I would much rather have that happen than see them for sale at a flea market or on eBay.


----------



## debodun (Aug 11, 2018)

Aunt Bea said:


> I would much rather have that happen than see them for sale at a flea market or on eBay.



I wonder why anyone would buy photos of people not in their family. I can't give mine to anyone - I'm the last in line on the paternal side of the family, so no one to identify people or even care . On my mother's side, I tried to give photos to my aunt and uncle who are preparing albums of family history, but they said they have boxes and boxes of photos they haven't even sorted yet - thanks, but no thanks.


----------



## dkay (Aug 11, 2018)

debodun said:


> I wonder why anyone would buy photos of people not in their family.



I've seen old photos used on nostalgic type greeting cards and Ransom Riggs wrote entire novels based on strange photos he found at estate sales etc : Miss Peregrine's Home for Peculiar Children. Excellent books with the pictures included.


----------



## Ruth n Jersey (Aug 11, 2018)

I finally have mine all sorted out and marked. It took me over a year. Some still should go in newer albums or boxes because the black paper is falling apart and the little triangle corners are coming loose but at least the photos are marked. Amazing how many doubles there were. I guess my Grandma had them and my Mom made copies though the years.

Also scenery,not labeled and so many zoo animals. I'm sure the monkey from 1937 has long gone over the rainbow bridge so I didn't mind getting rid of those type of photos. It lightened the load a bit.

The ones left are precious to me. My kids say, if they didn't know the person they don't want the photo. I didn't know my Great Grandparents either but I'm not giving them up. I hope in the future they will change their minds.


----------



## jujube (Aug 11, 2018)

I'm fighting a losing war with mine.  I have several large plastic "packers" full of photos.  I've discarded a lot of them but I swear they multiply in the dark closet.  I have to wear a surgical mask when I get them out because they trigger allergy attacks, dust and mold, I guess.

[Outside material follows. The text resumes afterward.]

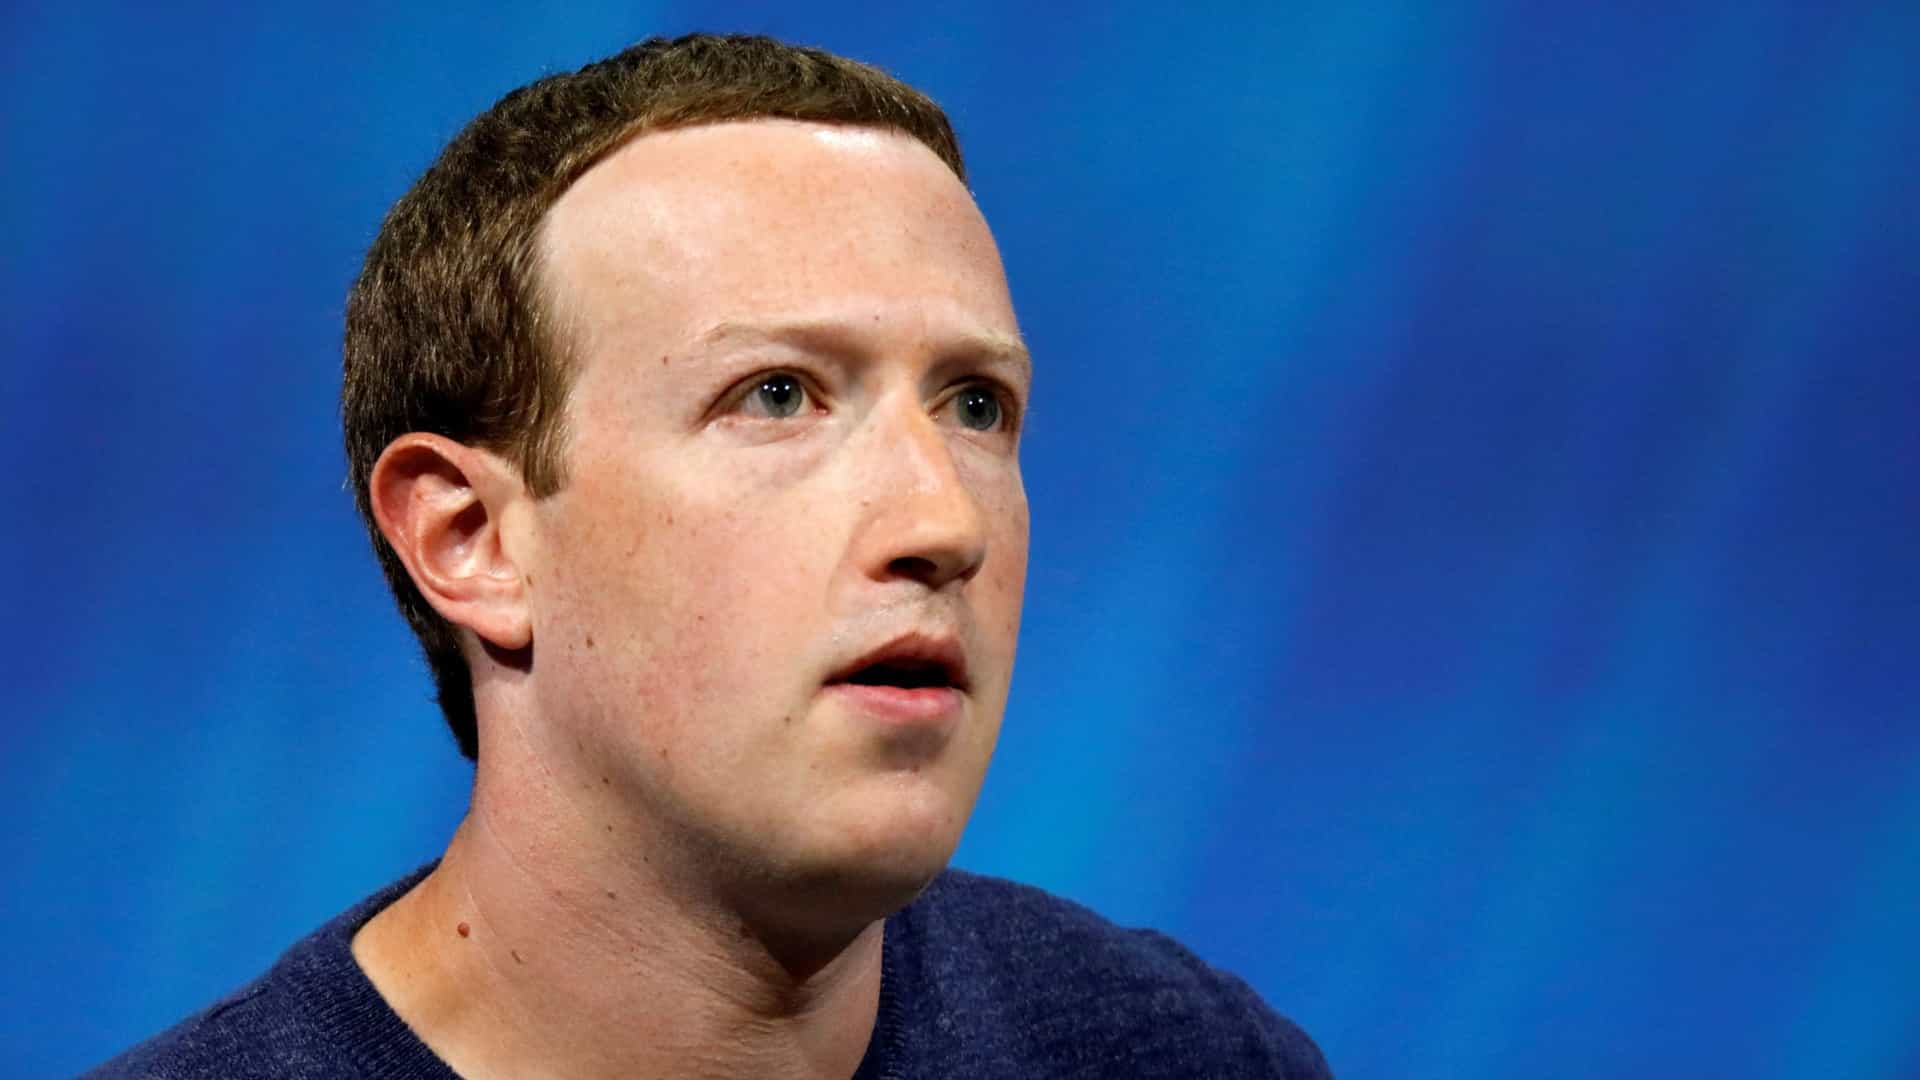 Hacker promete 'apagar' Zuckerberg do Facebook

I don't know why I'm holding on to them.  Nobody else in the family are particularly interested and I know the younger generation will just throw them out if they get them.  

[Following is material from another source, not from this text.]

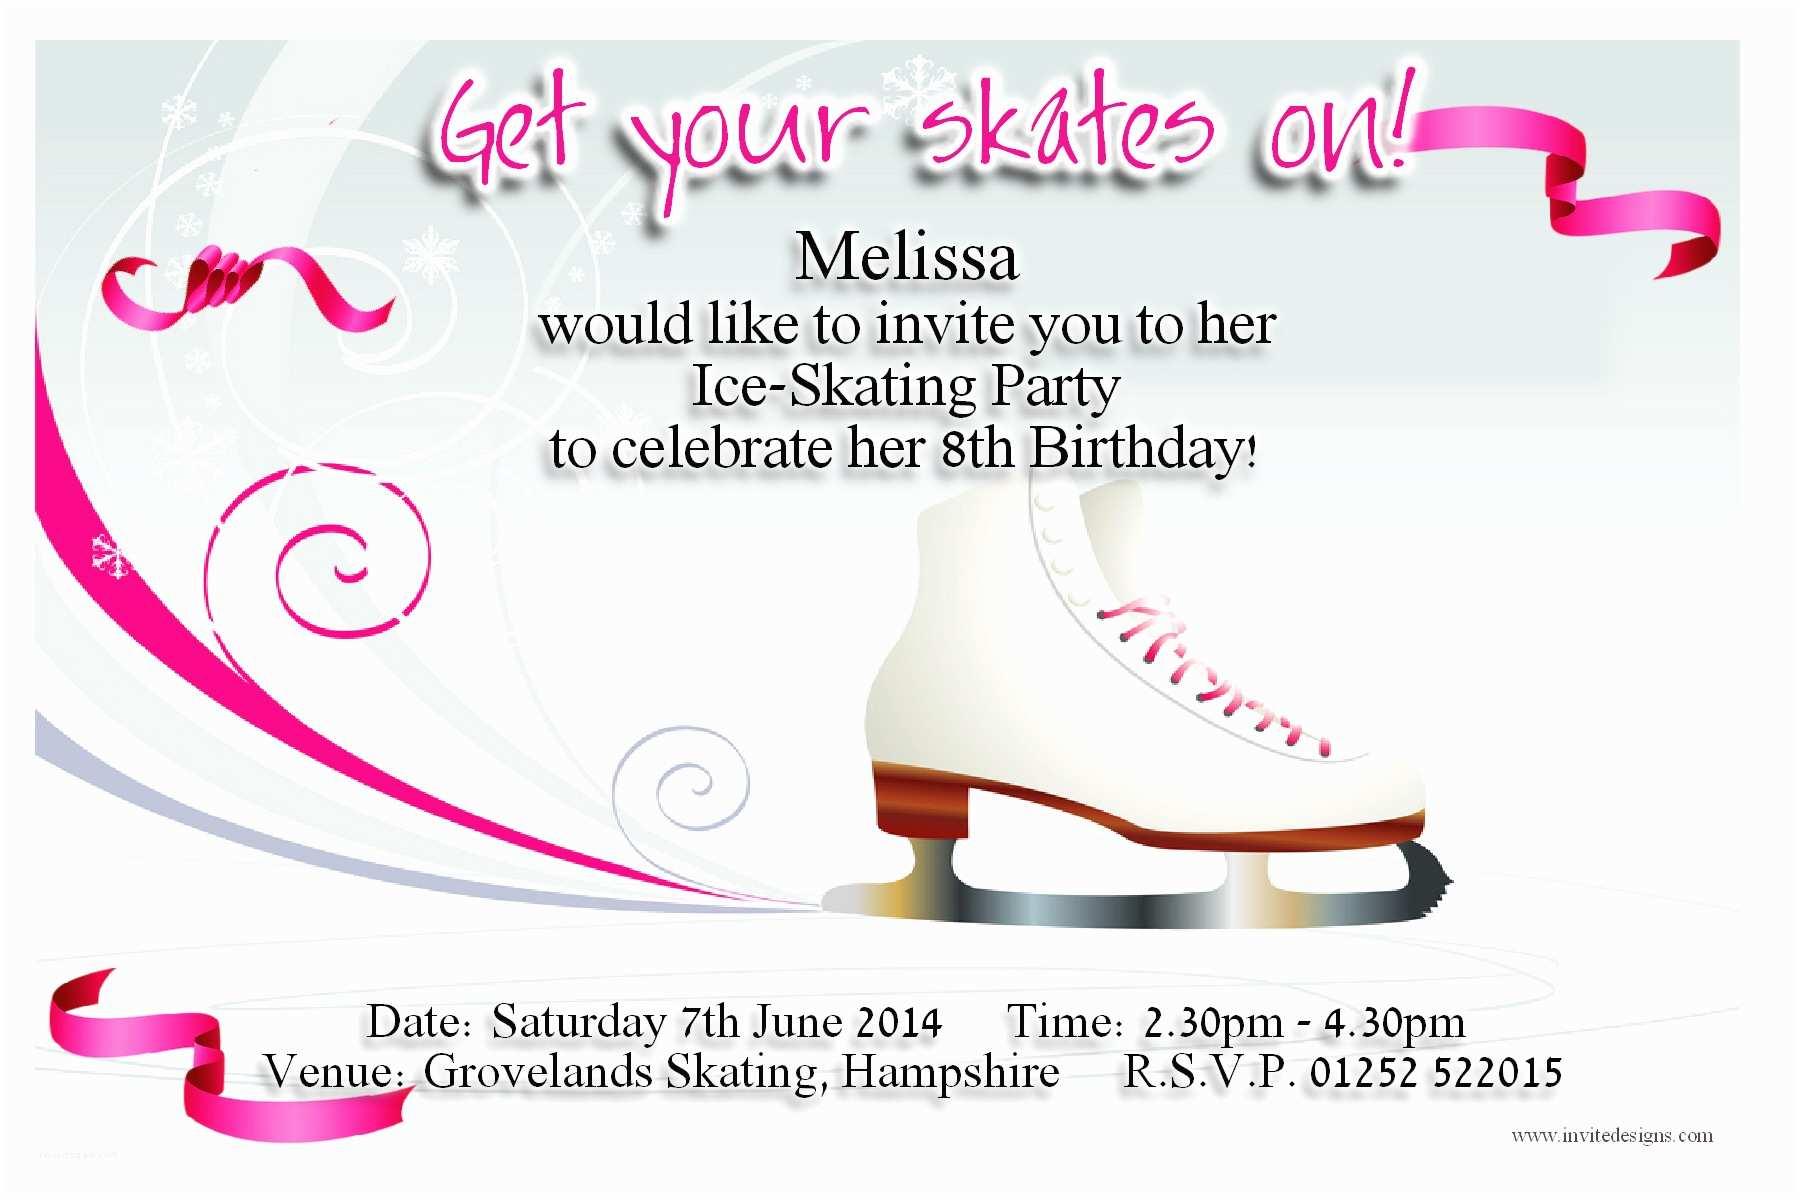 Ice Skating Party Invitations top 10 Ice Skating Birthday Party Invitations

I get to work on them periodically but then after an hour or so, I just throw my hands in the air in despair and pack up again.


----------



## Butterfly (Aug 11, 2018)

I would throw them out, especially if I didn't know the people in them.  It is just me or my sister, who wouldn't want them either.


----------



## debodun (Aug 12, 2018)

When I cleaned out my aunt's house, she must have had hundreds and hundreds of just landscapes and scenic photos. I was going through her albums and separated the people pics from the ones with no people in them. One woman that stopped at an estate sale I ad at my aunt's house saw them and wanted the scenic photos, but at that time I had not finished going through the albums. She left me her phone number to call her when I did, but every time I tried the number, I heard a message that the person has nit yet set up a voice mailbox. After a while I gave up and trashed the photos. That was 6 years ago.


----------



## Sassycakes (Nov 4, 2018)

I have soo many pictures and I treasure them so much. When my parents passed away my oldest niece sorted the pictures out and divided them between me my sister and brother. There were some she couldn't figure out who she should give them to so she has them if we want any others. I know when I am gone my daughter will save them just the way I did. She is very sentimental also.This one is one of my favorites.It is my Mom,Dad my older brother and my sister. I have my hands on my Dad's shoulder. He was the best Dad in the world and I love the picture.


----------



## Olivia (Nov 4, 2018)

Sassycakes, that is so sweet. What a lovely photo with you and your dad and your whole family. Something so much to cherish. And you look so cute.


----------



## SeaBreeze (Nov 4, 2018)

I agree with Olivia, great photo and you were such a cutie pie.


----------



## hollydolly (Nov 5, 2018)

Fab photo Sassy...you're all such a beautiful family...but your mum looks like a film star!!


----------



## Sassycakes (Nov 5, 2018)

Thank all of you. I was truly blessed with the family I had. Now it is only me and my sister left. My Dad was soo loving and caring that when we have family gatherings now all my Dad's grandchildren and great grandchildren argue over who is favorite was,then I laugh and tell them I was always his favorite.My parents married after knowing each other for 3 months. They were only 16 yrs old when they married and their marriage lasted 63yrs until my Dad passed away.


----------



## Pappy (Nov 5, 2018)

Left to right; Grandma and grandpa, 
Uncle Don, my mom, aunt Ruth and uncle Leonard.
Im the biggest kid in front of mom, cousins Carol and Lenny,
my step-dad and brother.


----------



## Sassycakes (Nov 6, 2018)

Talking about Old family photos my husband brought me a large box today to unpack since we have just moved a few months ago and are still unpacking some things. It was filled with Pictures. The first picture I saw was my Parents at their 63 wedding Anniversary. They married when they were 16yrs old so they were 79 yrs old at the time. I cried when I saw it because it was taken that October and then my Dad passed away in August.


----------



## peppermint (Nov 6, 2018)

A Beautiful picture of your parents, Sassy...Enjoy your new home.....♥


----------



## Sassycakes (Nov 16, 2018)

peppermint said:


> A Beautiful picture of your parents, Sassy...Enjoy your new home.....♥



Thank you Peppermint. We moved to be closer to our daughter and I love that part of it,but I am still trying to adjust to the new house.


----------